But Chicago isn’t even all that unique. Or the worst case scenario. That would be St. Louis with 50 murders for 100,000 people. If St Louis were a country, it would have the 4th highest murder rate in the world, beating out Jamaica, El Salvador and Rwanda.

Obama won St. Louis 82 to 16 percent.

 People Aren’t Widgets by Kevin Williamson

 But every expensively miseducated jackass who thinks he should be president of these United States has an opinion about what a bottle of grape soda ought to cost in Des Moines or Dixville Notch. The assumptions in Washington are the same as those in Beijing: that everything is subject to political power, that it all comes down to having the right sort of enlightened rulers with the right sort of enlightened ideas, that everything else — the real world — is detail. But human beings, and their relationships, are not electrical circuits. They are not governed by circuit breakers. Not in reality.
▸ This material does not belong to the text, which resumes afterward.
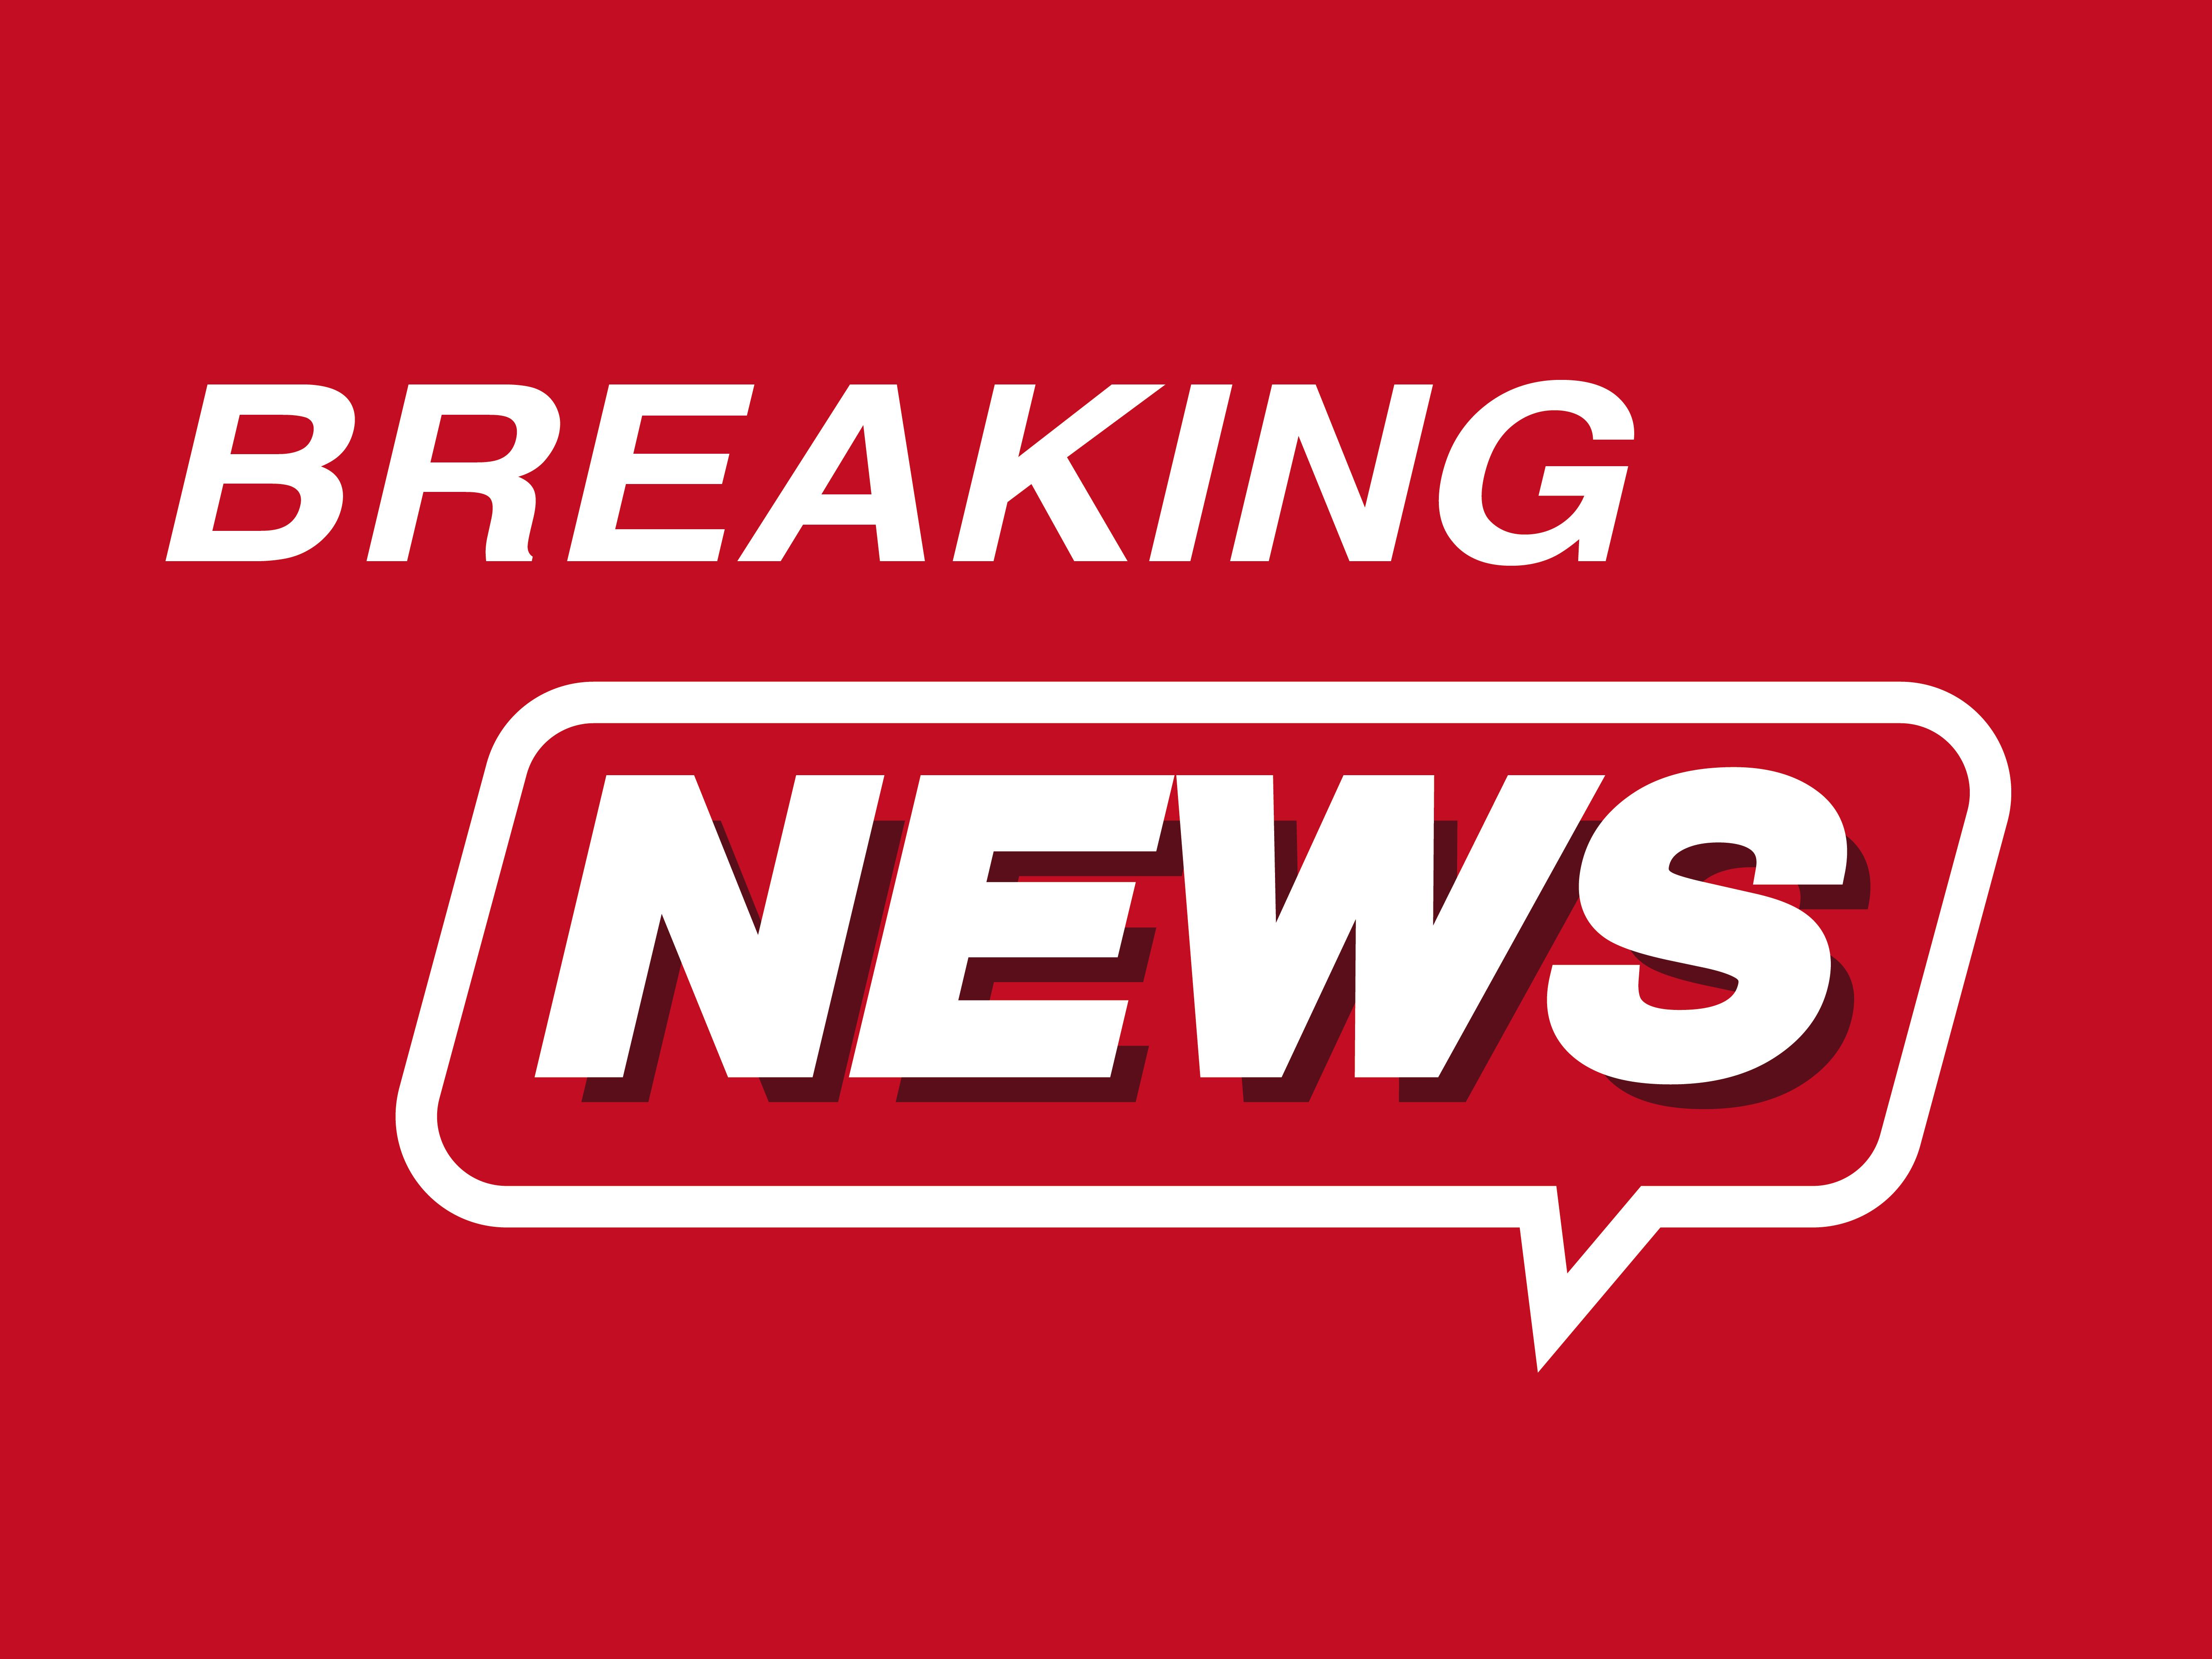 Sanders leads Buttigieg, Klobuchar at halfway point in New Hampshire: US media
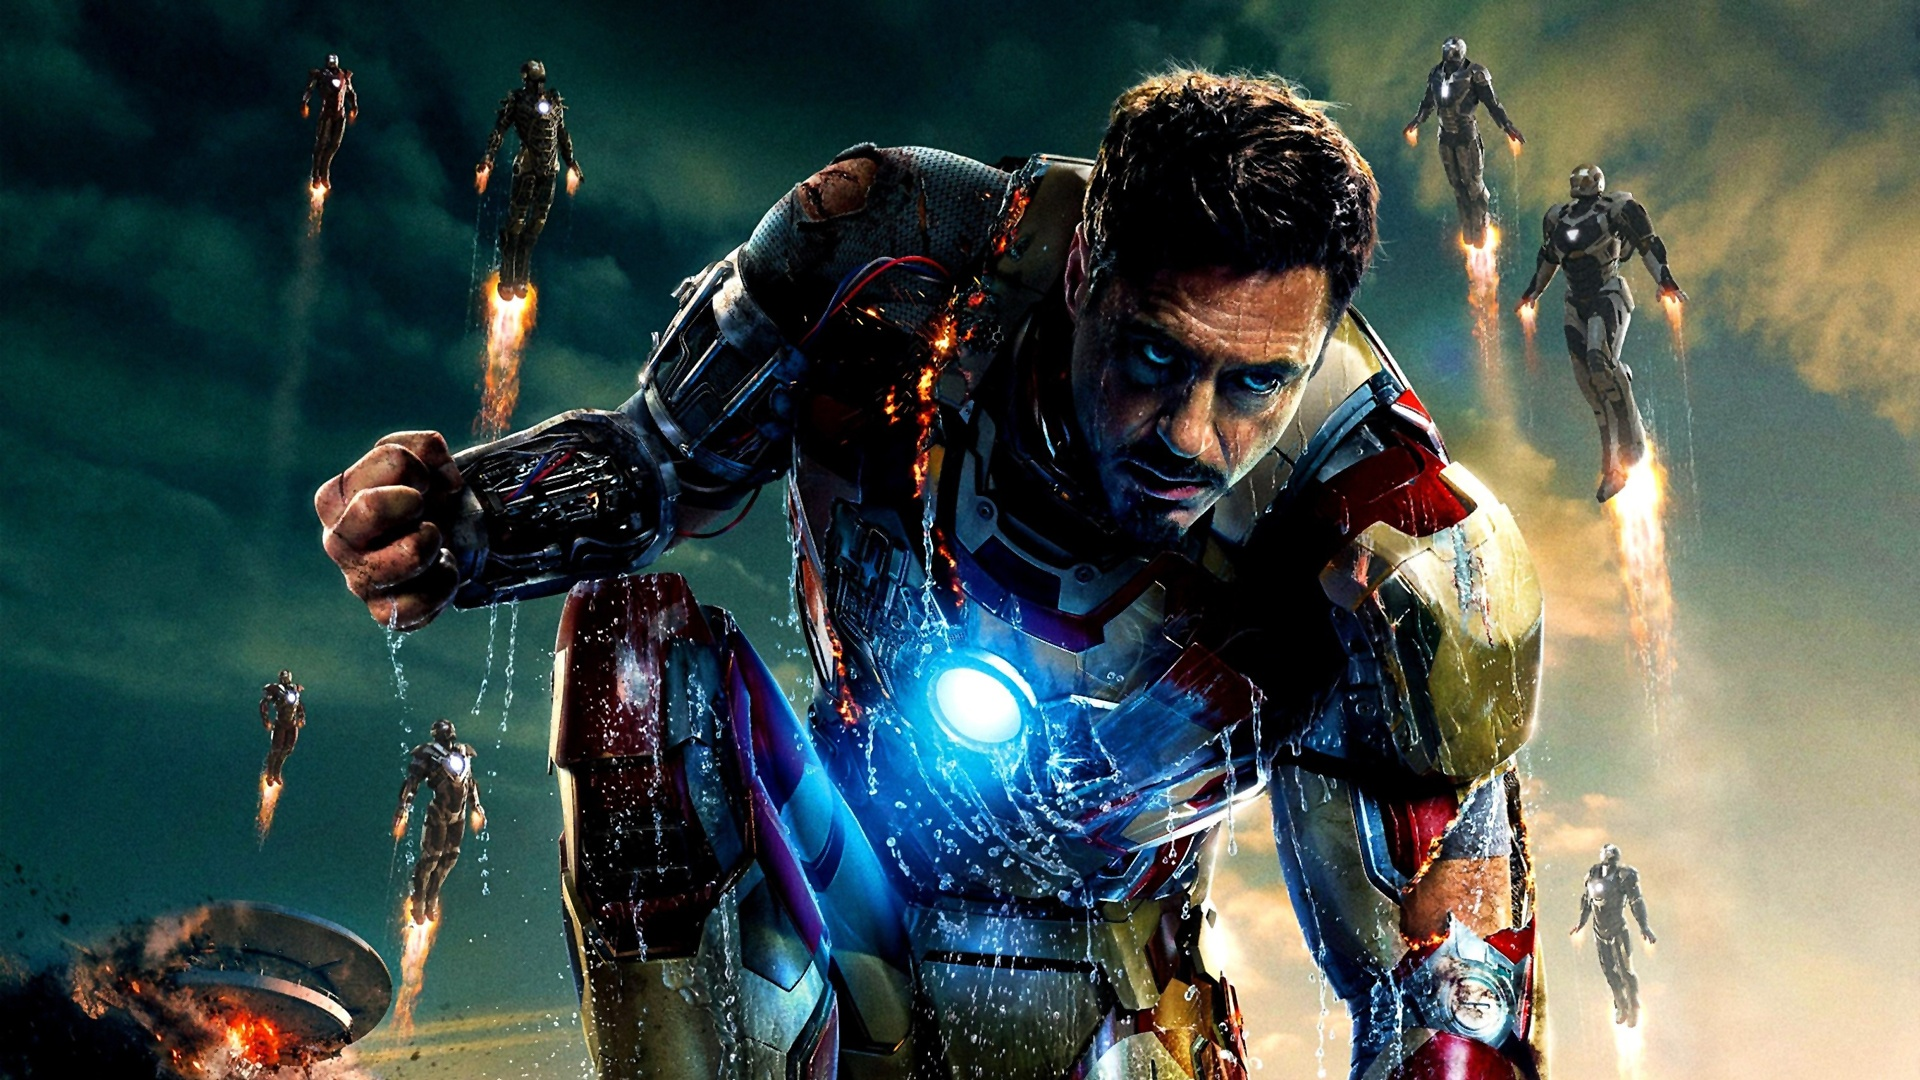 Iron Man 3 Wallpaper 7 1920x1080

 You Know Less Than You Think About Guns from Brian Doherty at Reason

 More guns do not necessarily mean more homicides. More gun laws do not necessarily mean less gun crime. Finding good science is hard enough; finding good social science on a topic so fraught with politics is nigh impossible. The facts then become even more muddled as the conclusions of those less-than-ironclad academic studies cycle through the press and social media in a massive game of telephone. Despite the confident assertions of the gun controllers and decades of research, we still know astonishingly little about how guns actually function in society and almost nothing at all about whether gun control policies actually work as promised.

 What Trump Doesn’t Understand — It’s a Lot — about Our Trade Deficit with China by Kevin Williamson at National Review

Our trade deficit with China isn’t a product of the Chinese getting rich — it’s a product of their being poor. We will not have more-balanced trade with China until Chinese people have a standard of living that is more like that of Americans. Putting a 45 percent tax on American shoppers and people who build computers in the United States (you know who does that? Lenovo, a Chinese company) or build robotics systems using some imported components isn’t going to change any of that. What’s worse, it will exacerbate one of the real problems that U.S-based firms do face: relatively high business taxes. Remember, much of that Chinese trade deficit comes from electronic equipment and industrial machines used by American companies rather than from cheap plastic waterguns, and Trump wants to put a 45 percent materials-and-equipment tax on top of the 40 percent they pay in corporate income taxes.

 Political Trade Schools

 There is no reason that intellectual values cannot be appreciated by a larger segment of our population.  There is no reason that intellectual values should be limited to a small segment of the academic elite. But to have a true development of academic virtues, higher education should be independent of both commercial and political interests.  The only thing worse than the expense of higher education in its pursuit of intellectual independence would be to make it free.

  The Traditionalist Rebel

 Leftist movements begin with rebellion and end with conformity. No Utopian movement can tolerate rebels for long because there is no room for dissent in paradise. An ideal society, the goal of leftist political movements, not only has no room for war, racism, greed and all the other evils the conformist paradises of the left hope to eliminate, it also has no room for disagreement.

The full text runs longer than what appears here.